Deng warned Wednesday that Machar should stay out of politics to allow peace despite previously indicating that if Machar returned to Juba he would stand aside.

- Cost of war -

If Machar is indeed seeking to travel to Ethiopia, a regional power broker that hosted peace talks through the trade bloc IGAD, it would suggest he has no intention of being cut out of negotiations or pushed from power.

Several former rebel commanders have warned they consider Deng's elevation to vice president to be "treason".

South Sudan's civil war has been characterised by war crimes and human rights abuses with civilians massacred -- often along tribal lines -- women and girls raped and children forced to become soldiers.

Homes and property have been looted and burned, and entire towns razed.

Tens of thousands of people have died and over two million have been forced from their homes.

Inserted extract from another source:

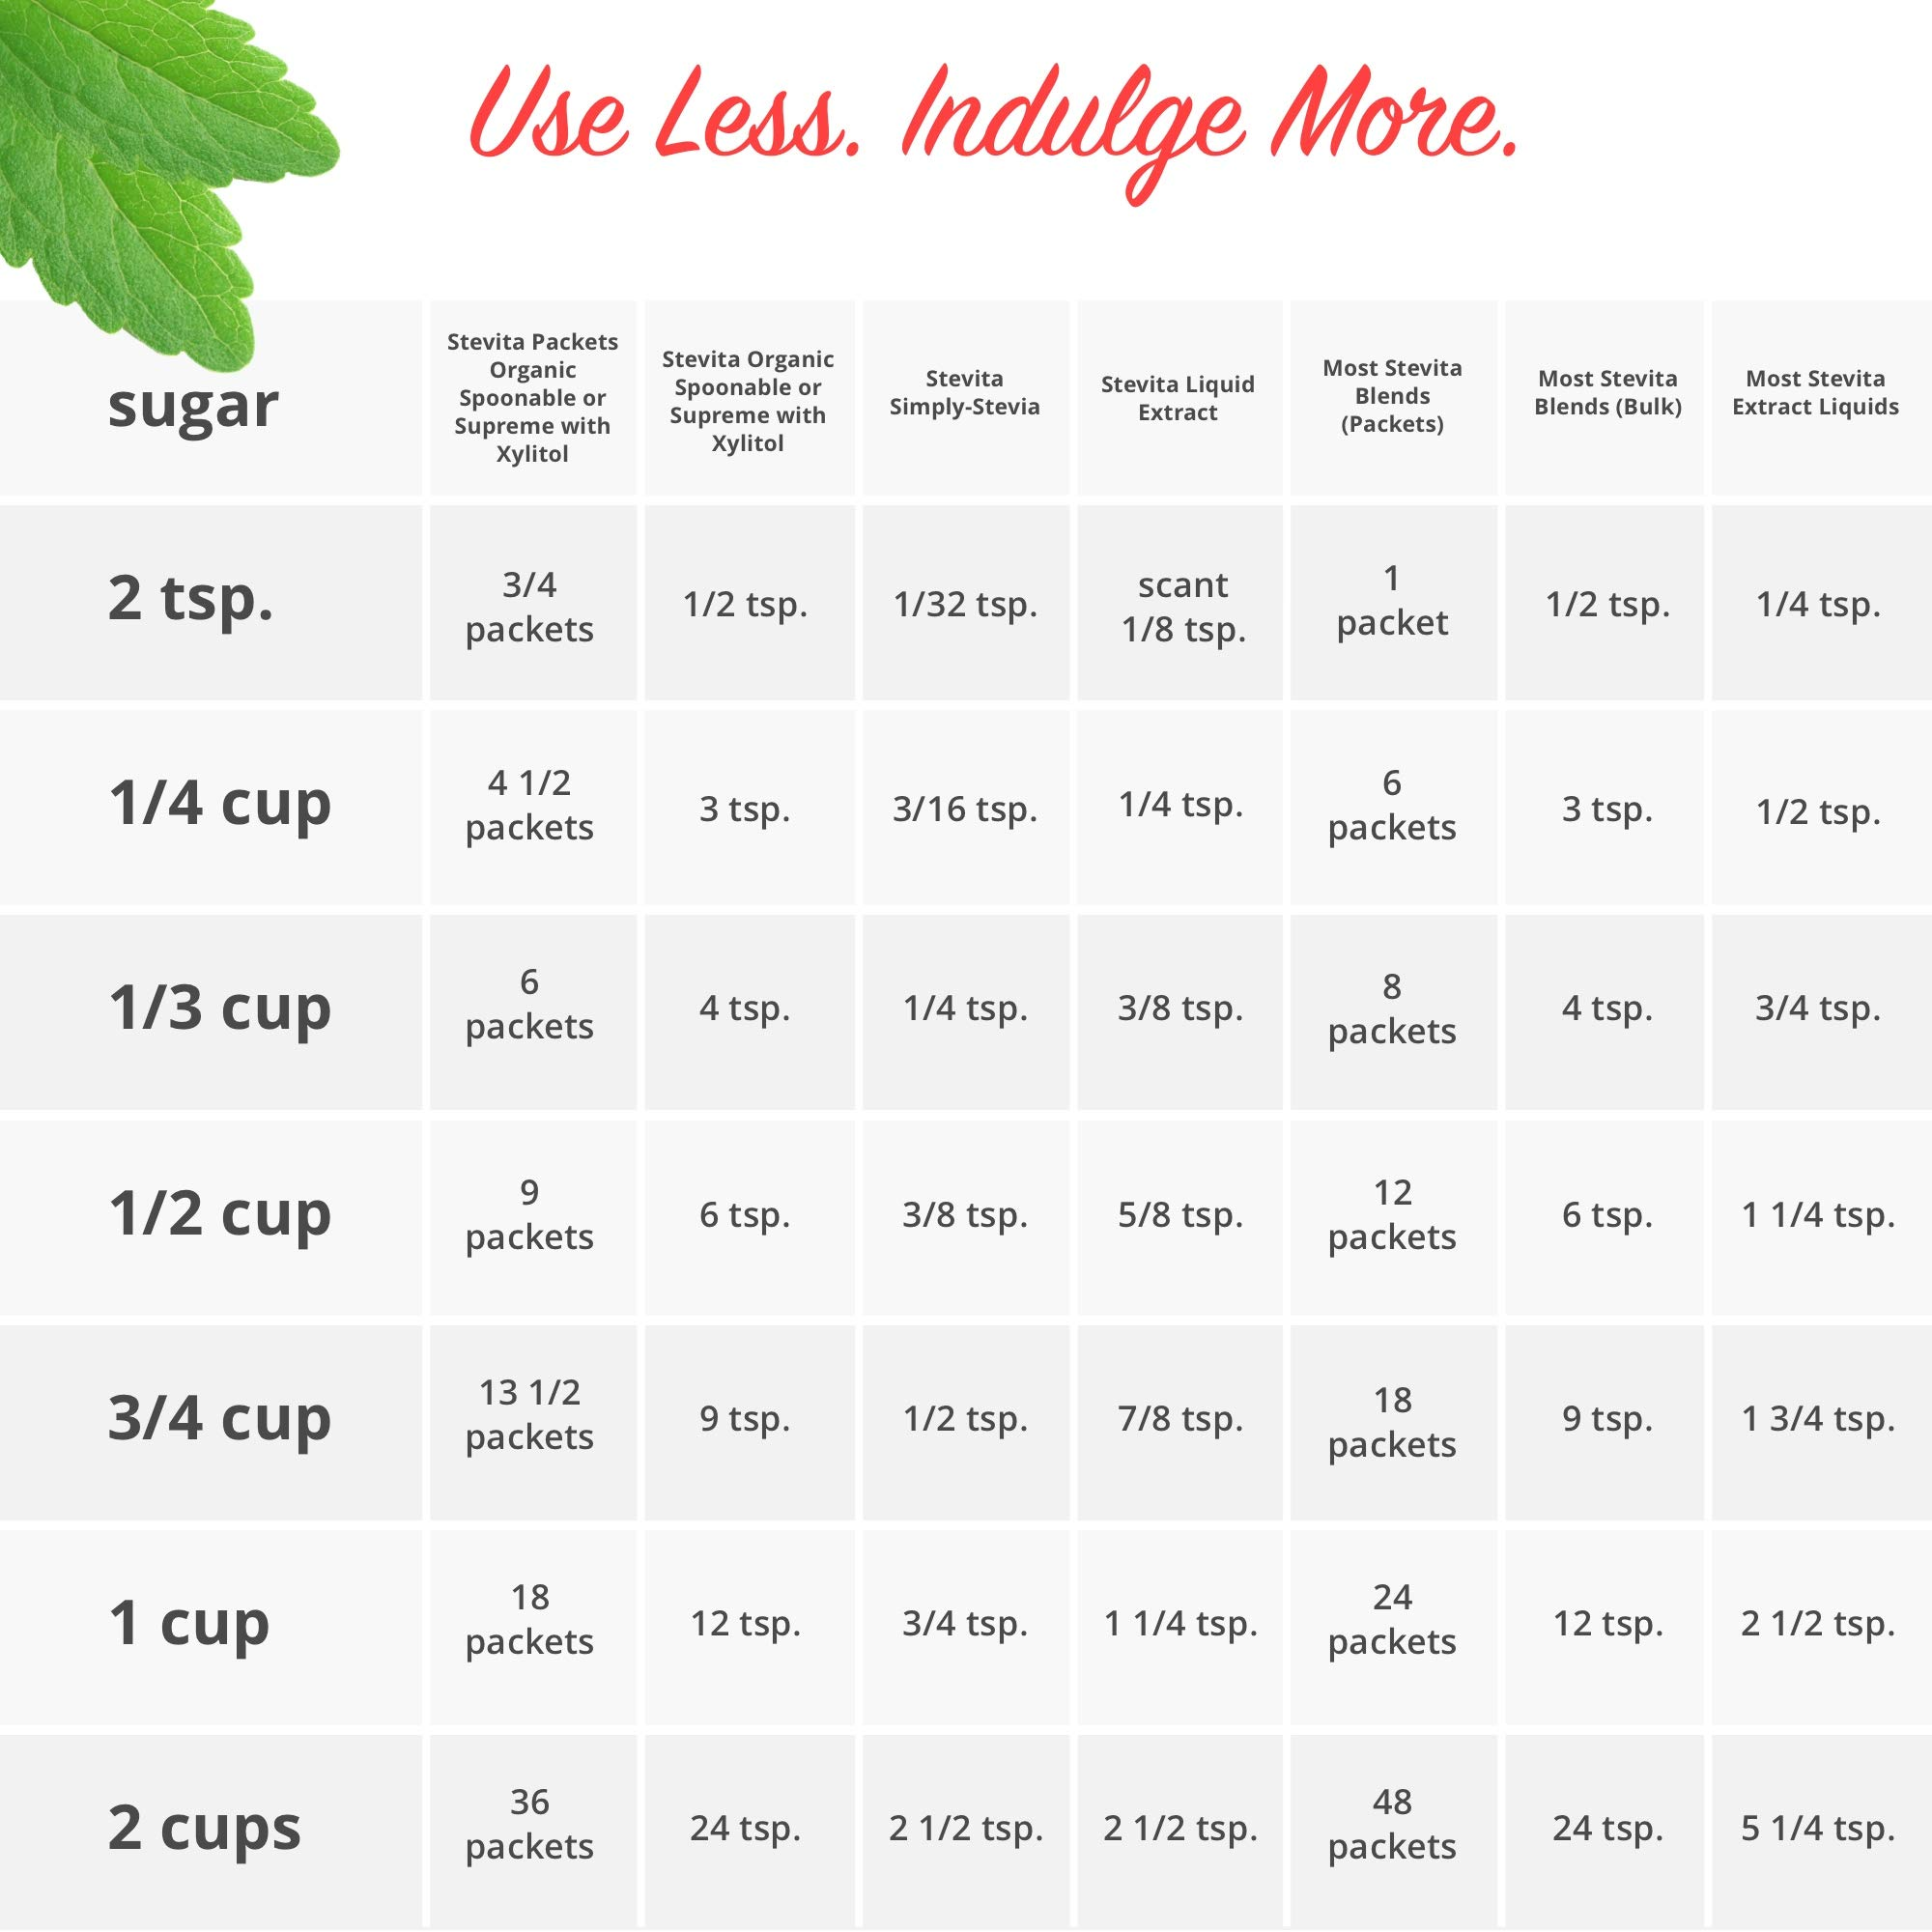 Stevita Stevia Organic Spoonable Stevia Powder - 50 Packets - Stevia & Erythritol All Natural Sweetener, No Calories - USDA Organic, Non GMO, Vegan, Keto, Paleo, Gluten-Free - 50 Servings by STEVITA (Image #9)

In just the most recent documented atrocity a South Sudanese journalist was killed by government soldiers because of his tribe and foreign aid workers were shot, beaten and raped in an attack on a hotel during last month's fighting in Juba.

The targeting of foreigners spurred the United Nations to launch an investigation into why its peacekeepers failed to respond to calls for help while the attack was going on.

Last Friday the UN Security Council approved a US-drafted resolution to strengthen the 12,000-person peacekeeping mission with 4,000 additional troops drawn from regional armies and equipped with a more aggressive mandate.

Juba has yet to accept the resolution.